[Start of section]
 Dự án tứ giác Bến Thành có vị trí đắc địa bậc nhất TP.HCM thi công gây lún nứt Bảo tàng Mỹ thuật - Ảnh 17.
[End of section]
[Start of section]
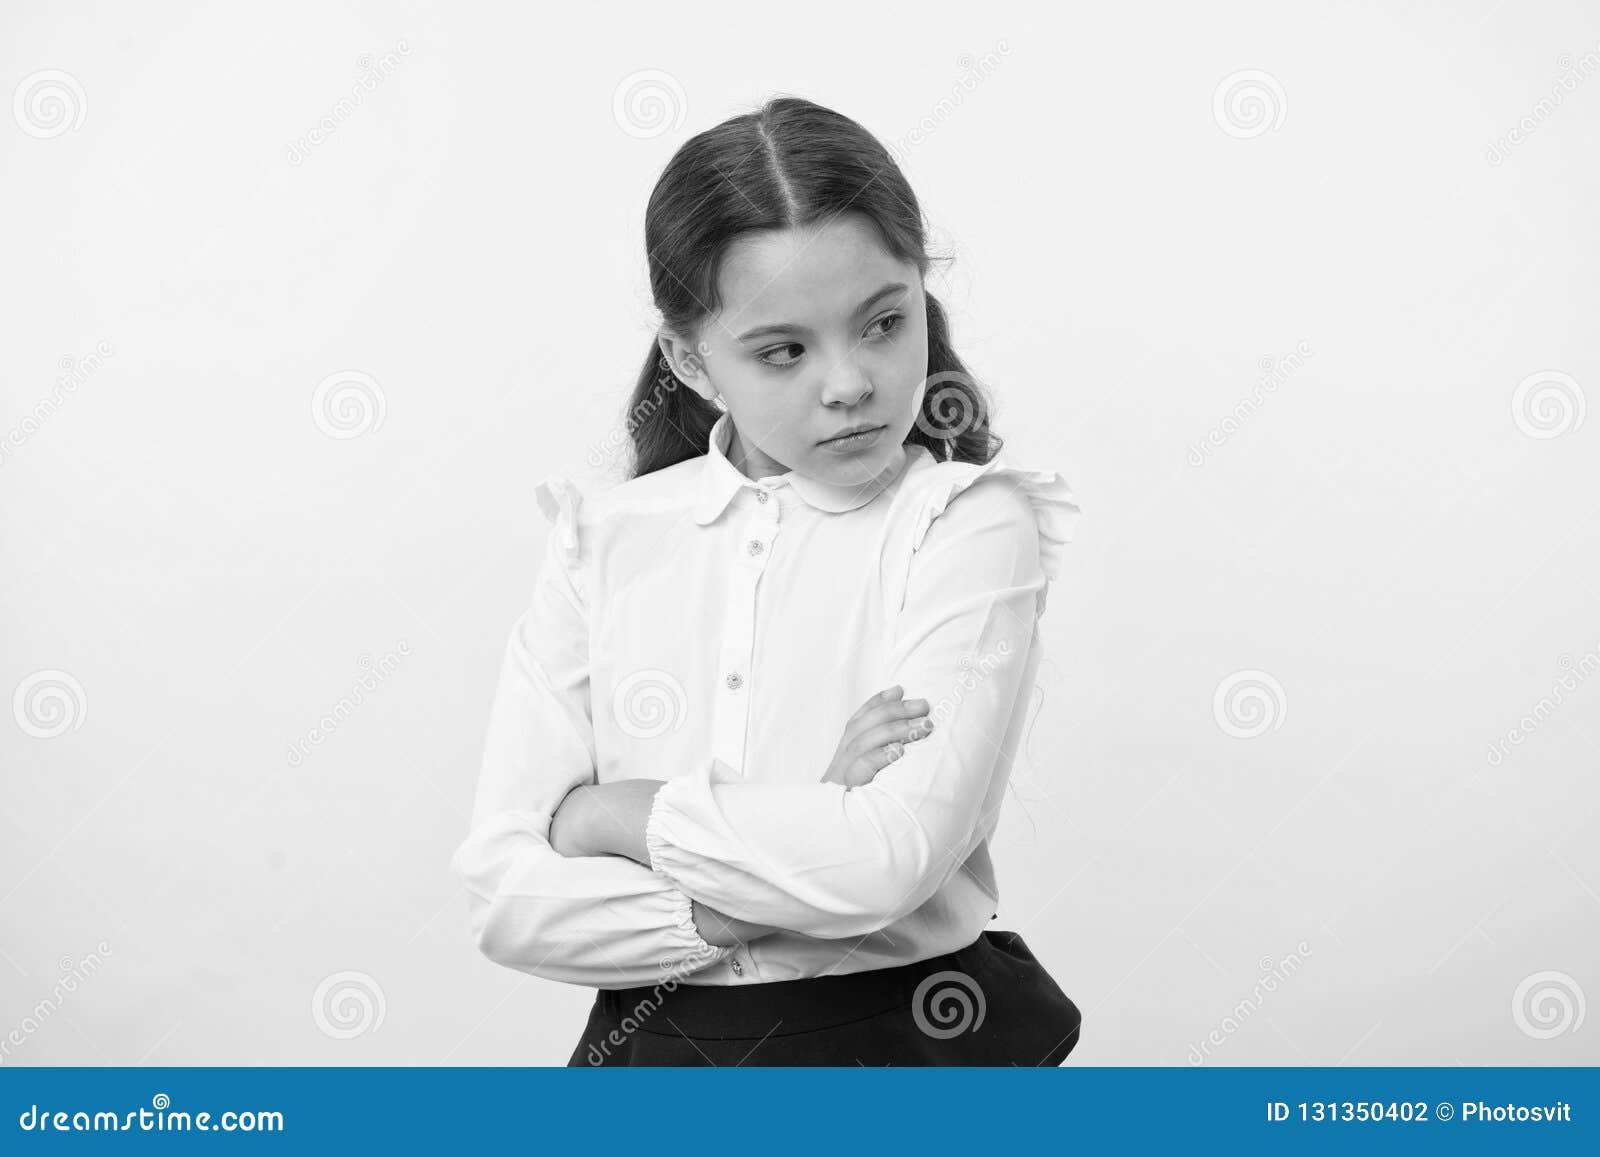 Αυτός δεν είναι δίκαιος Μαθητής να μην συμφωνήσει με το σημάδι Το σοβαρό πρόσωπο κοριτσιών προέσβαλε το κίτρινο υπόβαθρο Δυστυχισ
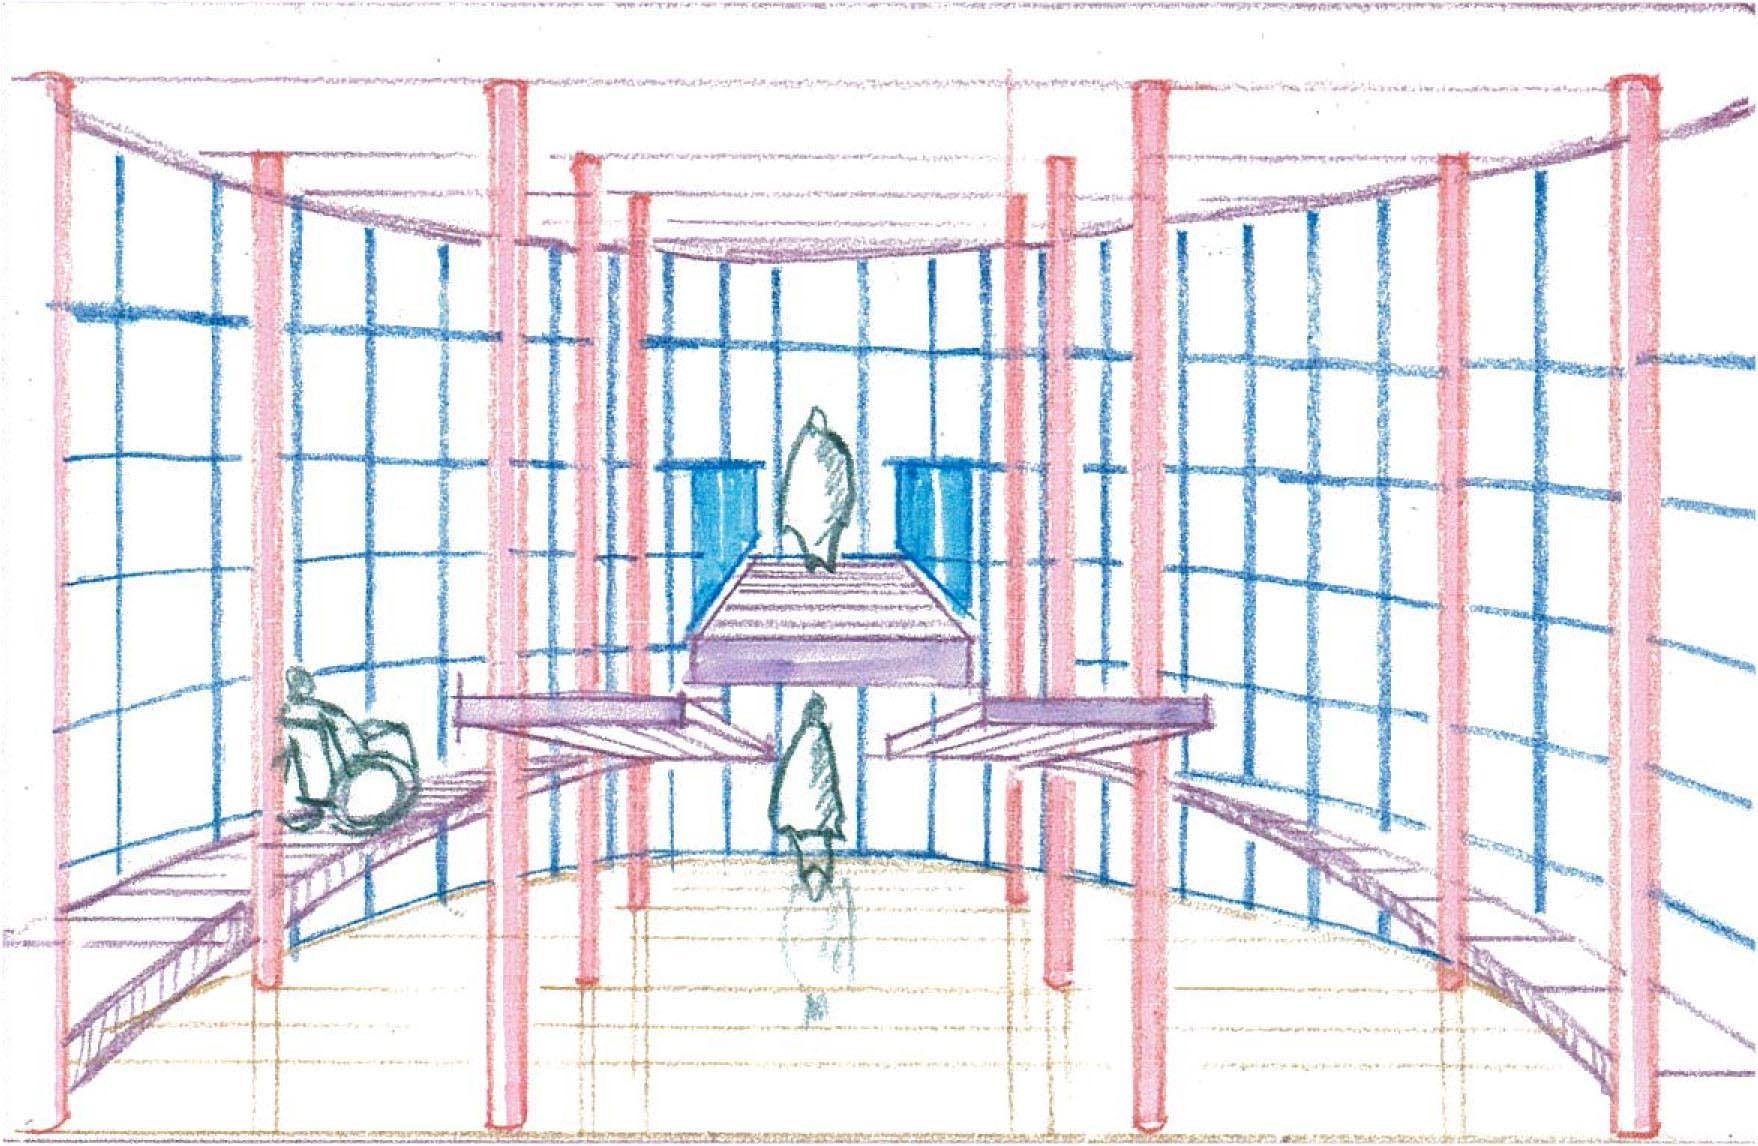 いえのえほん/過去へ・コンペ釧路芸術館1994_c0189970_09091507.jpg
[End of section]
### About this exercise
Print the part of the listing above that opens with the line containing "Αυτός δεν είναι" and closes with the line containing "いえのえほん/過去へ・コンペ". Copy it exactly, both ends included, and omit the pictures.

### Exercise answer
 Αυτός δεν είναι δίκαιος Μαθητής να μην συμφωνήσει με το σημάδι Το σοβαρό πρόσωπο κοριτσιών προέσβαλε το κίτρινο υπόβαθρο Δυστυχισ
 いえのえほん/過去へ・コンペ釧路芸術館1994_c0189970_09091507.jpg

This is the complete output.